** DATA FOR PROCESSING follows **

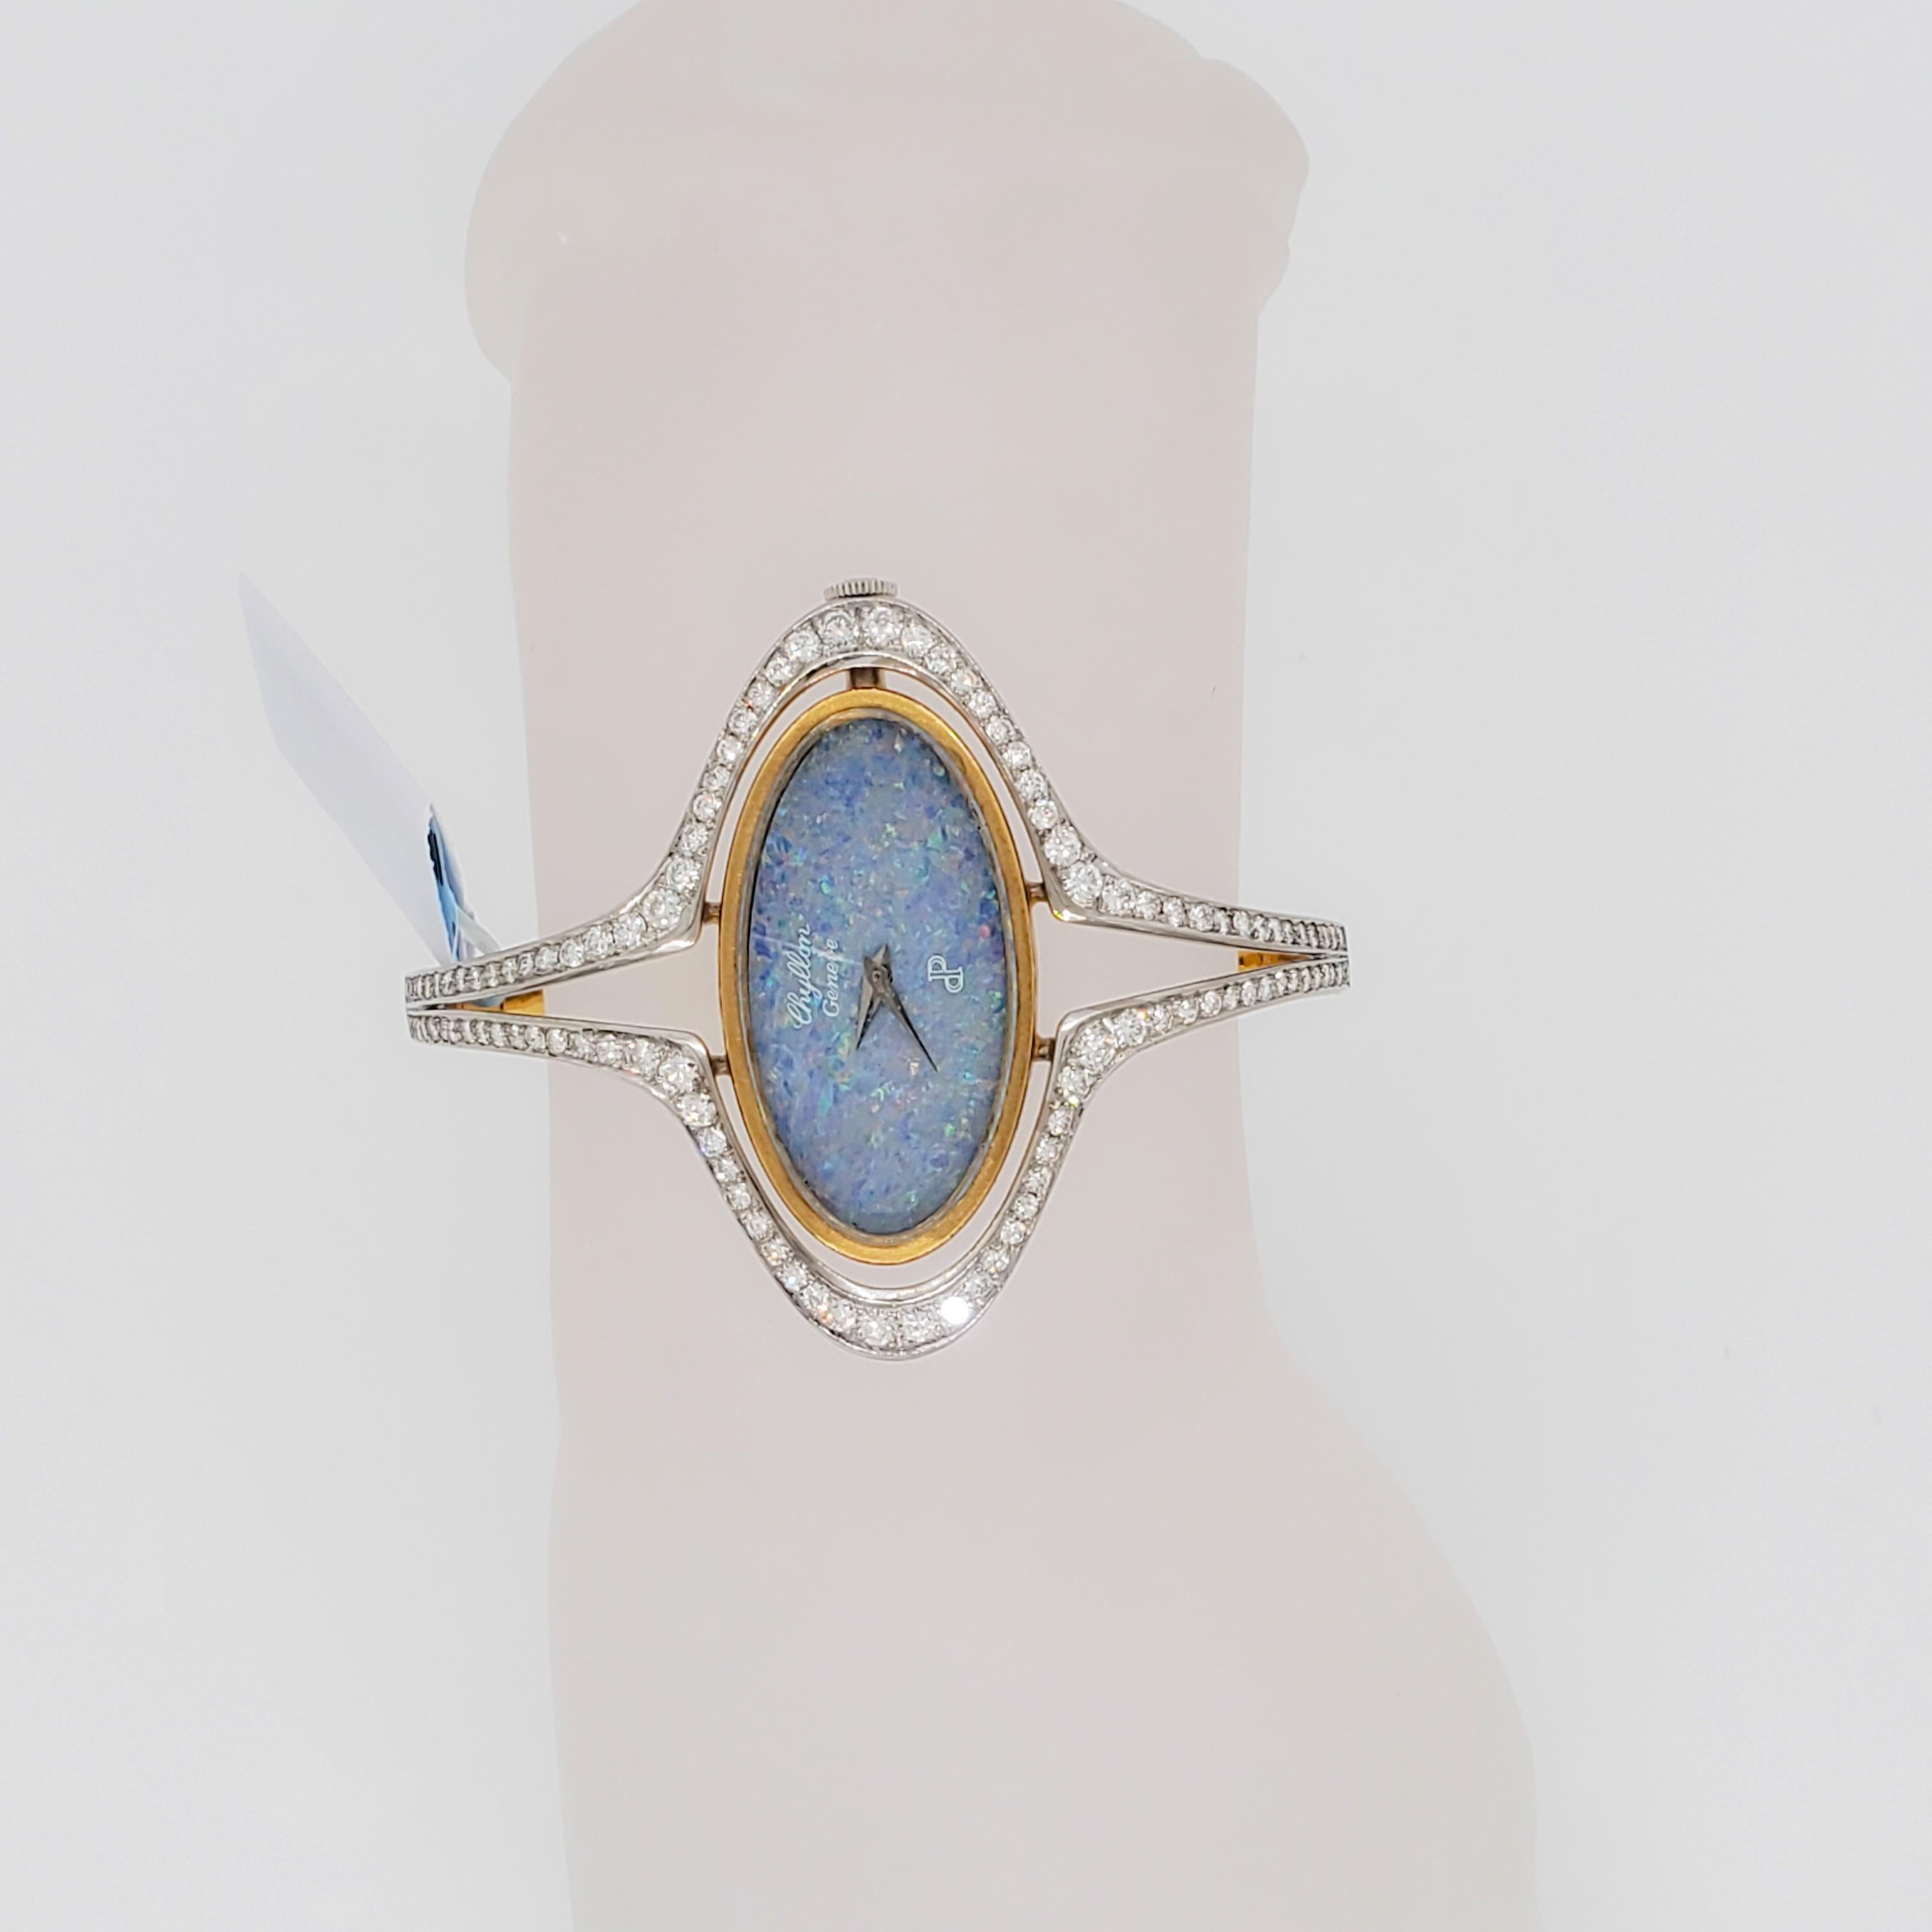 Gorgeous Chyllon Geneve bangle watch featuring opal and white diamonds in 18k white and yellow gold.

** End of DATA FOR PROCESSING **
** DATA FOR PROCESSING follows **

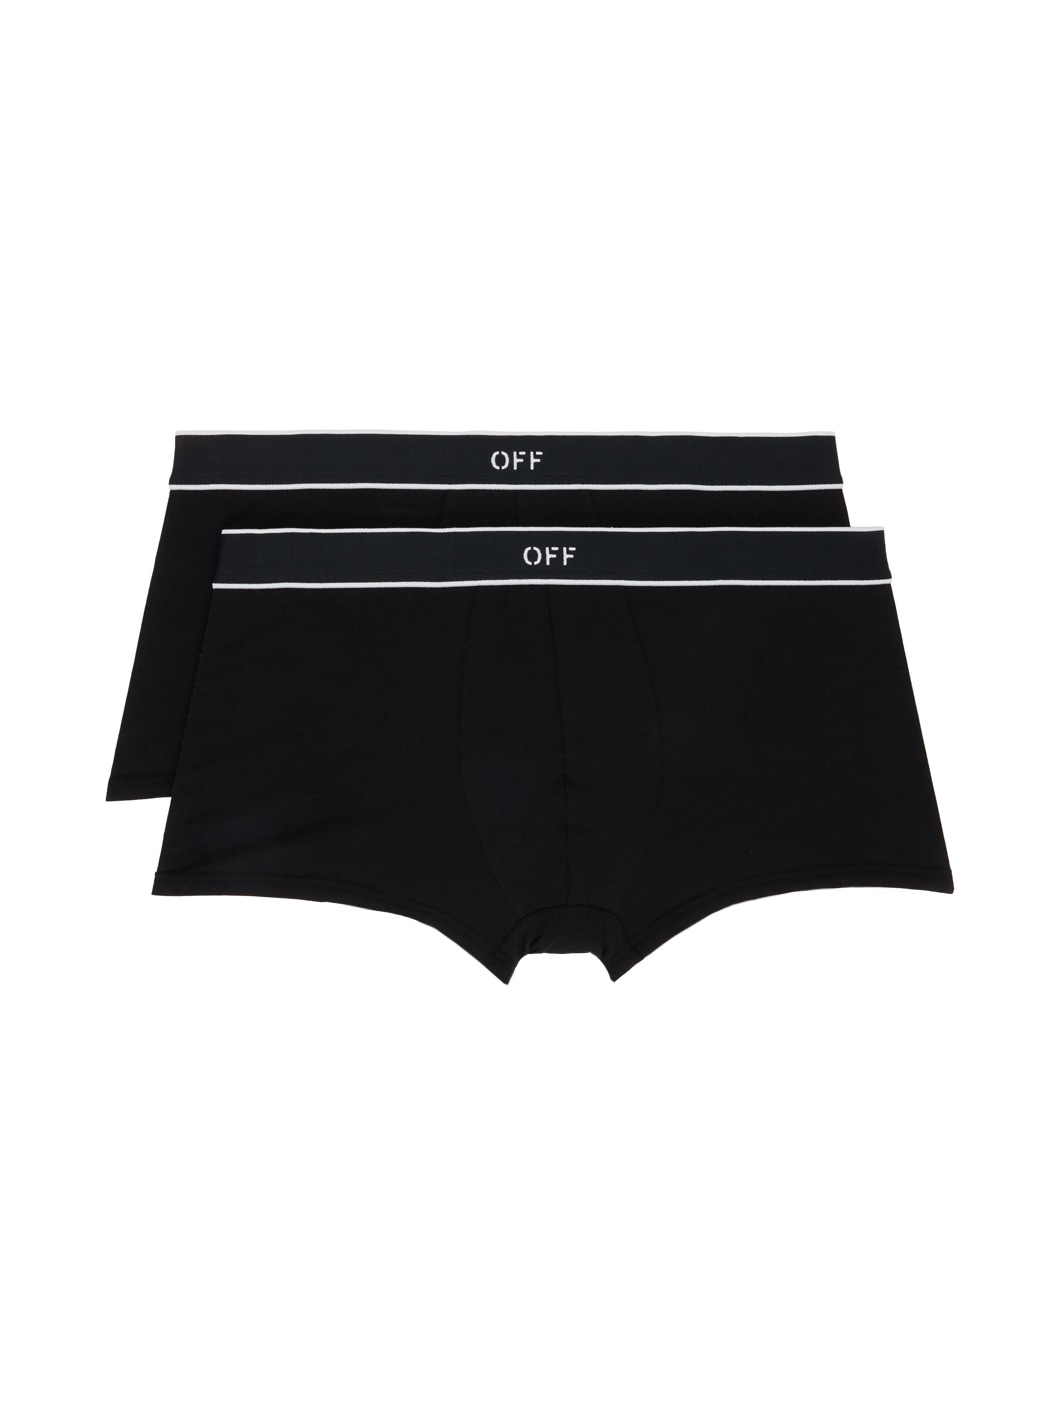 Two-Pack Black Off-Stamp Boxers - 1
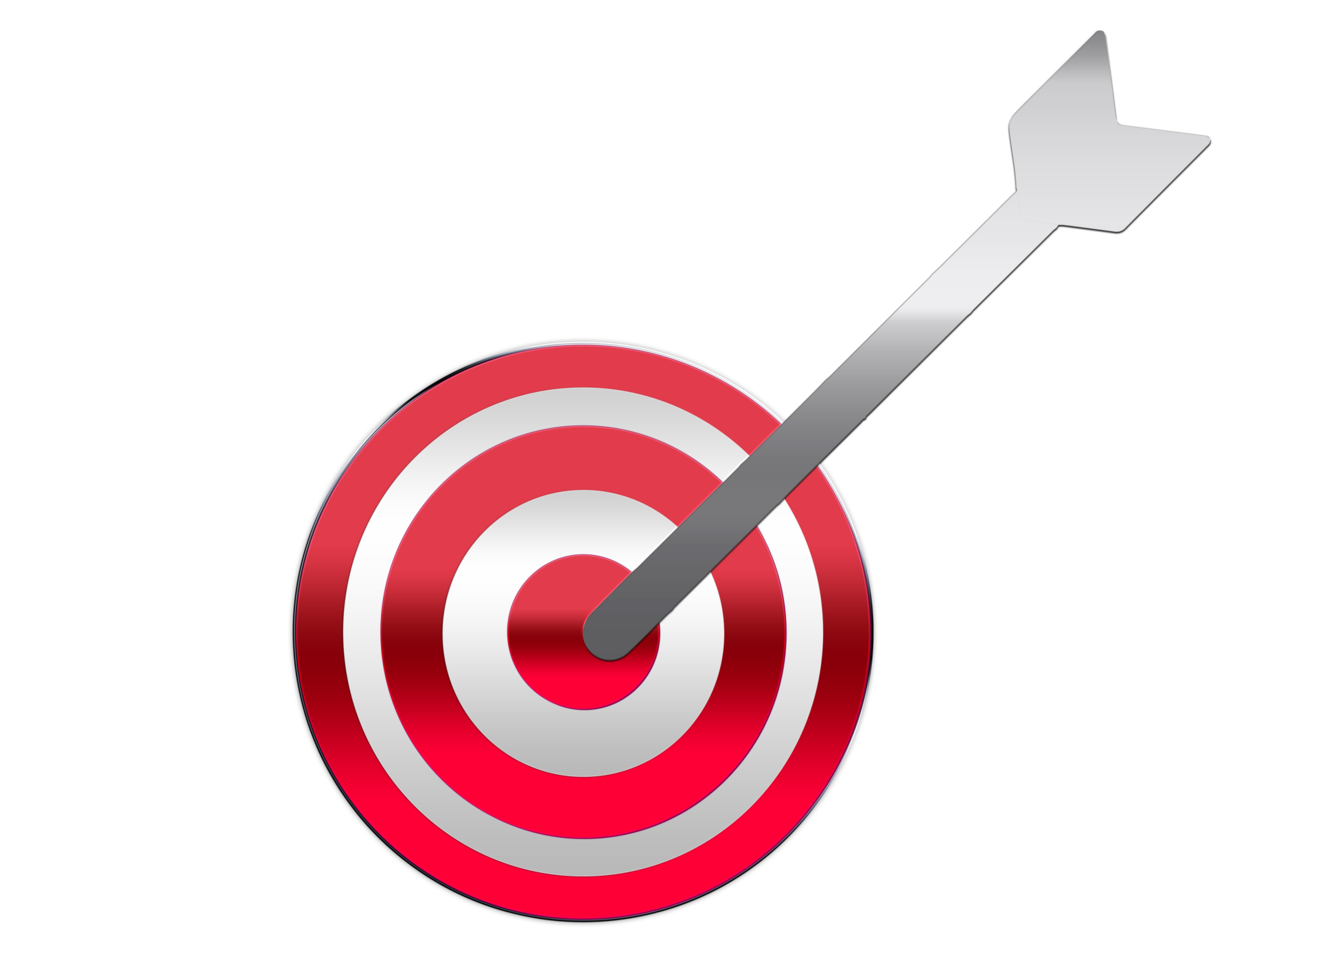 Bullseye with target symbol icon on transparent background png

** End of DATA FOR PROCESSING **

▶ _WORK ITEM_:
Pictures do not belong in the answer. Return the lines above starting at the one with "Two-Pack Black Off-Stamp Boxers - 1" and ending at the one with "Bullseye with target", both kept, exactly.

▶ _SOLUTION TO THIS PROBLEM_:
 Two-Pack Black Off-Stamp Boxers - 1
 Bullseye with target symbol icon on transparent background png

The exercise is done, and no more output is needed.